Quality of care is a major concern for healthcare providers and a major focus for healthcare services research. Patient satisfaction is employed as an essential requisite by accreditation bodies to assess and monitor the quality of hospital care services (
1,
2). Previously, the outcome of care was focused on personal knowledge, skills, and expertise of the clinicians rather than the other aspects of the treatment experience and patient satisfaction (
3). Satisfaction is a complex attribute established according to the users’ expectations (
4). Dissatisfaction results when patients’ expectations of care exceed actual delivery (
5). Satisfaction is associated with the patients’ expectation (
6) and it changes when the patients’ expectations or standards are change (
7). To satisfy patients’ expectations, healthcare providers need to shift towards patient-centered care (
8). Thus, rendering satisfactory care may contribute to treatment compliance by the patient; this eventually leads to a positive impact on disease outcome (
2).
With the advancement in diagnostics, treatment, and rehabilitation, regular evaluations to determine whether patients’ expectations are being met by physiotherapists especially in the complex and multidisciplinary healthcare services is paramount. Patient satisfaction surveys can serve as a means to isolate patients that deserve further attention; it can also show areas that need improvement in the process of care delivery.
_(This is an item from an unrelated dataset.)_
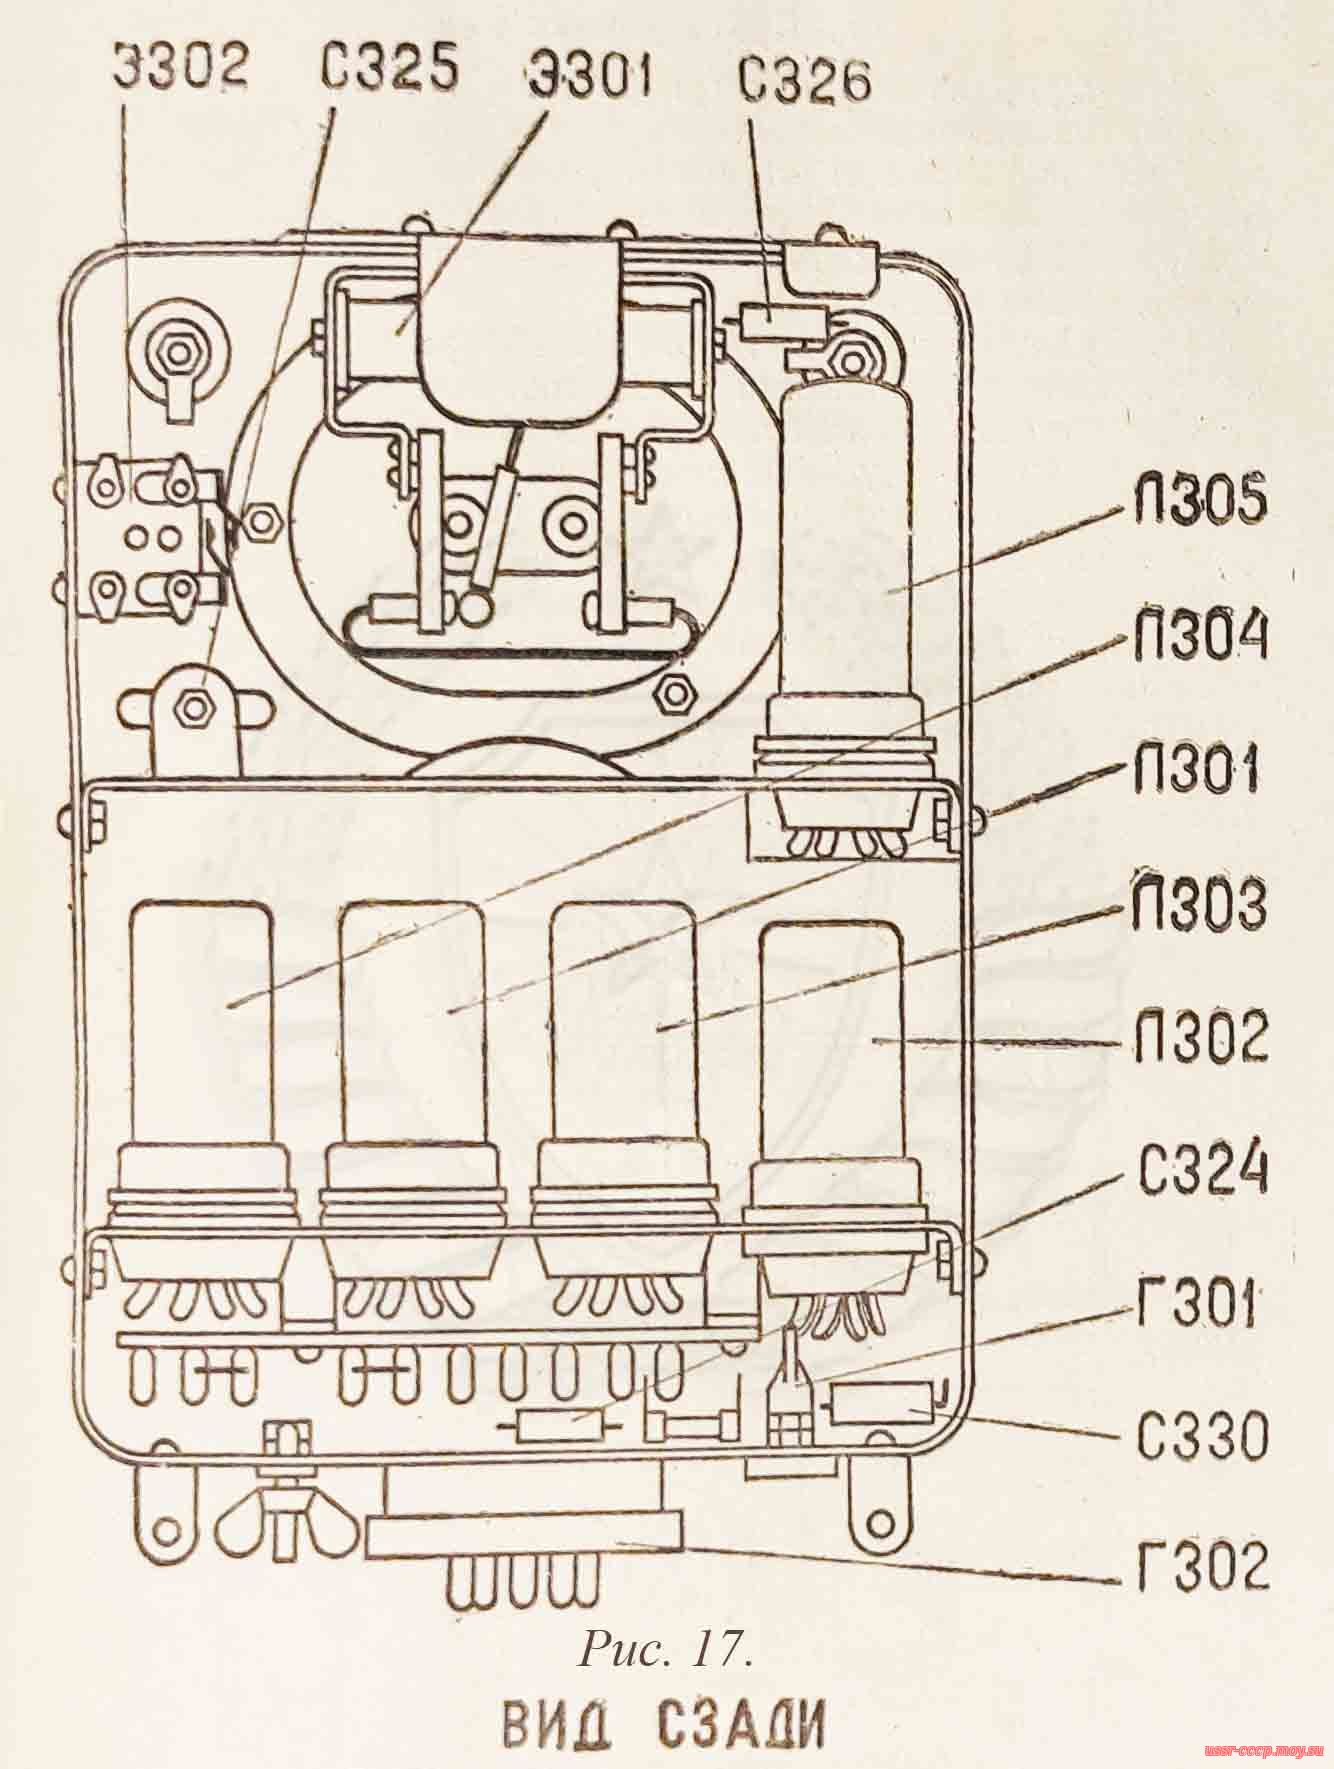 Рисунок 17. Антенный элемент (вид сзади), радиопередатчика Р-806.

Patient satisfaction survey provides several benefits for healthcare professionals. It can be used to measure the success of information delivery (
9), predict patient return visit, and compliance with treatment (
10). Data from patient satisfaction studies can help healthcare providers develop strategies for the provision of care that facilitates the retention of current patients or the recruitment of new patients (
11).
Patient satisfaction is conceptualized as a multidimensional construct (
12). It assesses providers’ measures (
13), accessibility and convenience (
14,
15), financial aspects (
16), physical place and environment of care (
12,
13), and expectations (
14). Studies reported various factors that affect patients’ satisfaction with physiotherapy care (
8,
17-
20). Cost of care (
8,
17), patient-therapist interaction (
18), time spent in treatment (
21), and technical skills (
19,
20) affect the overall satisfaction of patients in physiotherapy practice and care. Other factors such as demonstrating confidence, respect to patients’ privacy, answering patients’ questions, respecting patients’ autonomy, and politeness were reported as the major factors in patient satisfaction (
18,
20).
Despite the use of patients’ satisfaction to evaluate the standard of healthcare worldwide, the majority of studies on patients’ satisfaction with physiotherapy services were conducted in high-income countries (
22) where differences existed in healthcare systems when compared with those of the developing nations such as Nigeria. It is only recently that efforts are made to study the patients’ satisfaction with physiotherapy services in South-Western Nigeria (
20). It is unclear if the determinants of satisfaction reported in the previous studies conducted in the developed countries and South-Western Nigeria are applicable to the population in North-Eastern region of the country. Also, since the inauguration of National Health Insurance Scheme in Nigeria, there is a paradigm shift in access to and payment of healthcare services including physiotherapy. With the advent of the healthcare accountability era, health insurance may consider value for money for any services rendered to their clients. As such, meeting patients’ satisfaction is strategic to the overall physiotherapy practice.